Problem statement:
Only one stretch of the data should be retyped: the lines from the line containing "La sabiduría consiste" through the line containing "EG STARTS 2". Keep pictures out of it.

Records provided:
=======
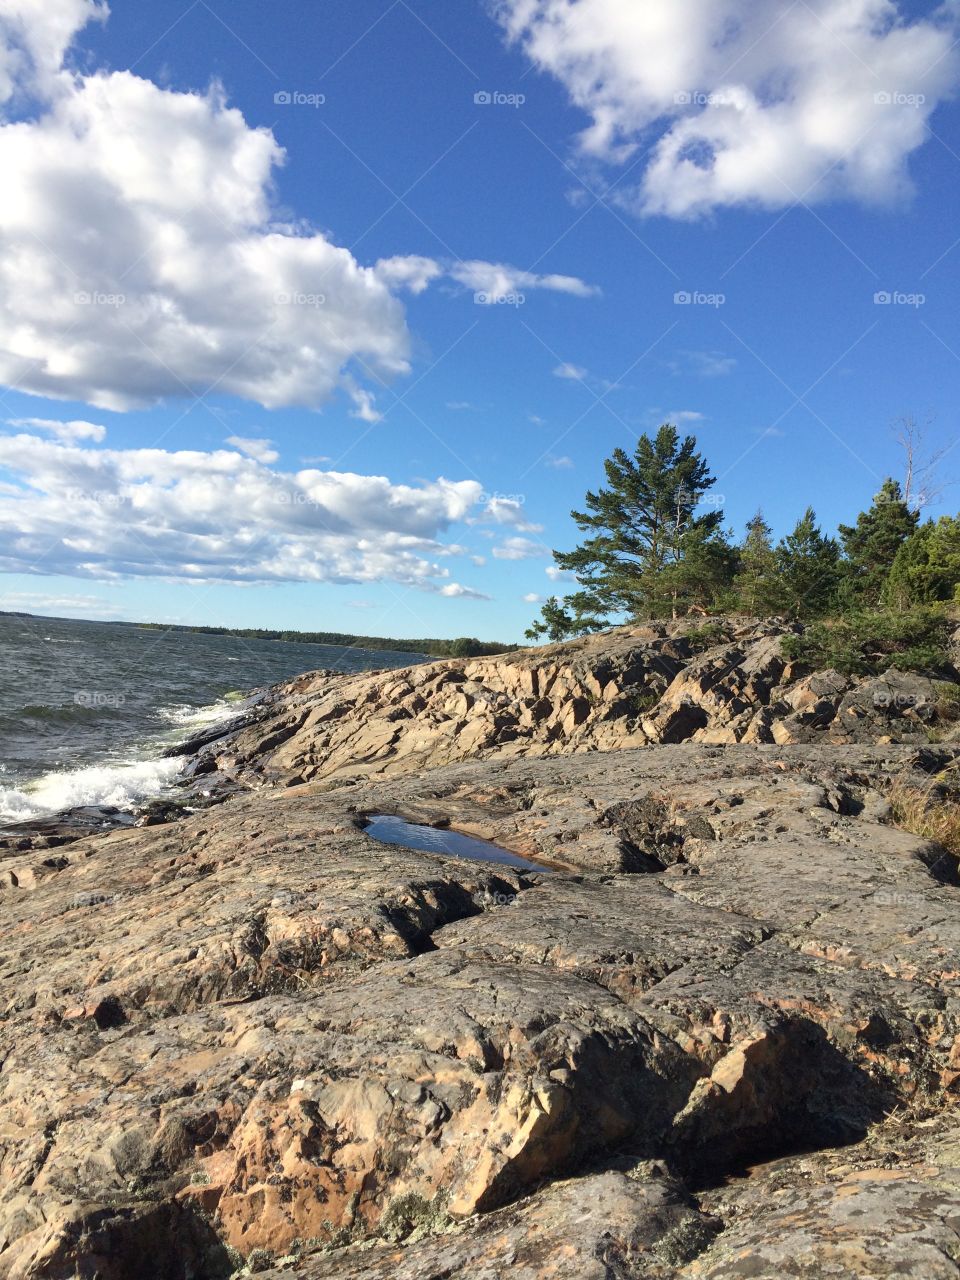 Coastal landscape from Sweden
=======
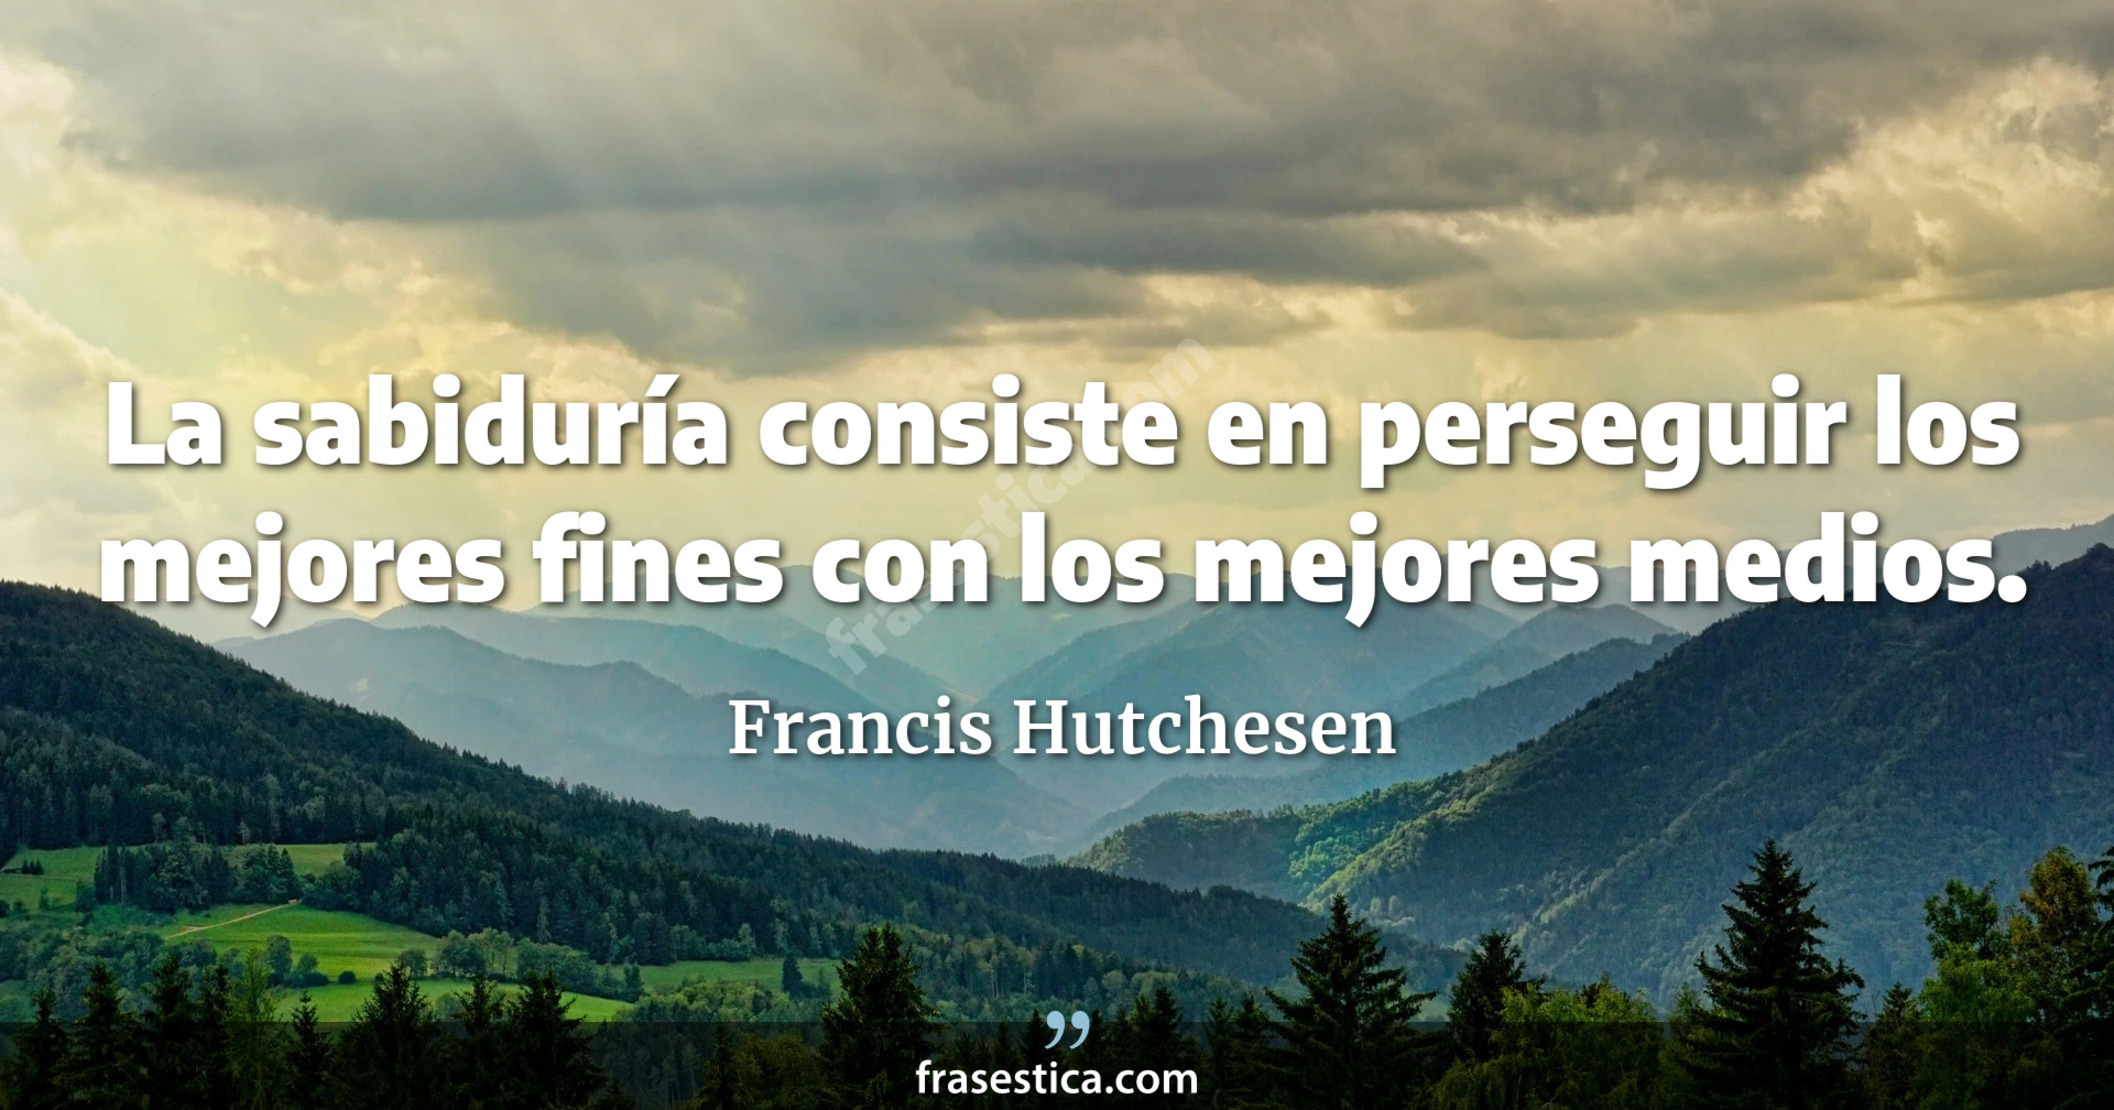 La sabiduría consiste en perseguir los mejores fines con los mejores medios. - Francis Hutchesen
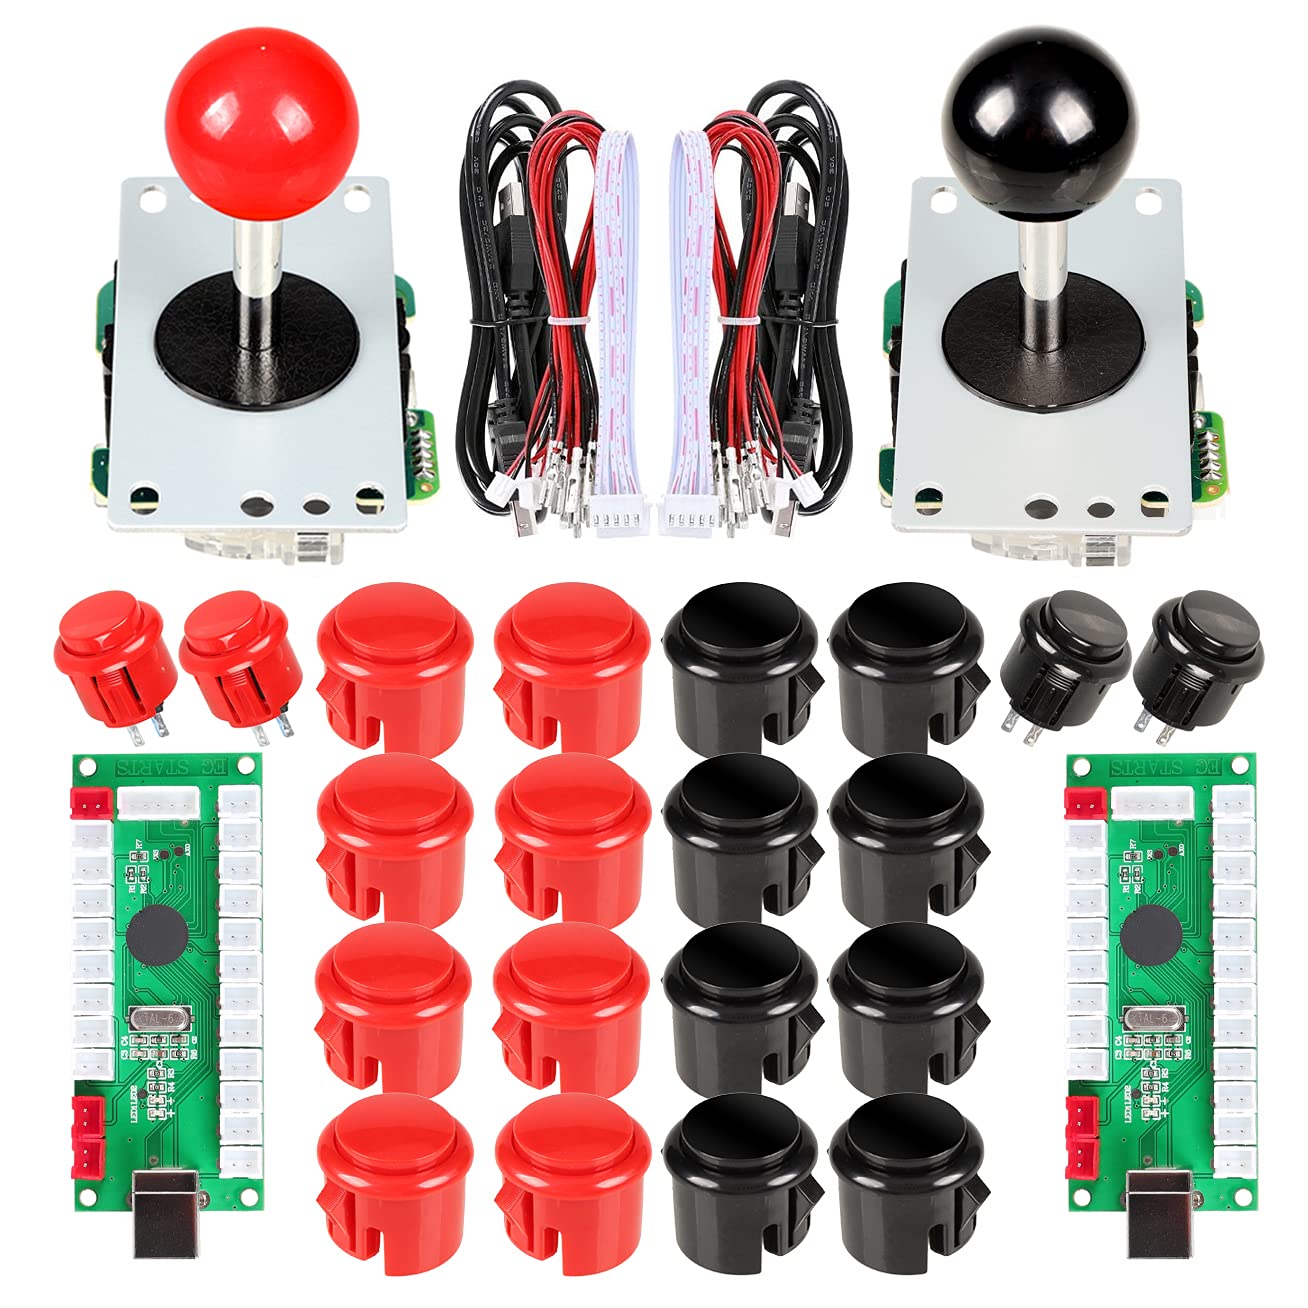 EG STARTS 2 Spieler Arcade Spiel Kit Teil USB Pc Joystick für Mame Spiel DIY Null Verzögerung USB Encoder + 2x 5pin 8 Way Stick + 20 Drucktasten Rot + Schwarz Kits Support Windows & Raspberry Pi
=======
Written solution:
 La sabiduría consiste en perseguir los mejores fines con los mejores medios. - Francis Hutchesen
 EG STARTS 2 Spieler Arcade Spiel Kit Teil USB Pc Joystick für Mame Spiel DIY Null Verzögerung USB Encoder + 2x 5pin 8 Way Stick + 20 Drucktasten Rot + Schwarz Kits Support Windows & Raspberry Pi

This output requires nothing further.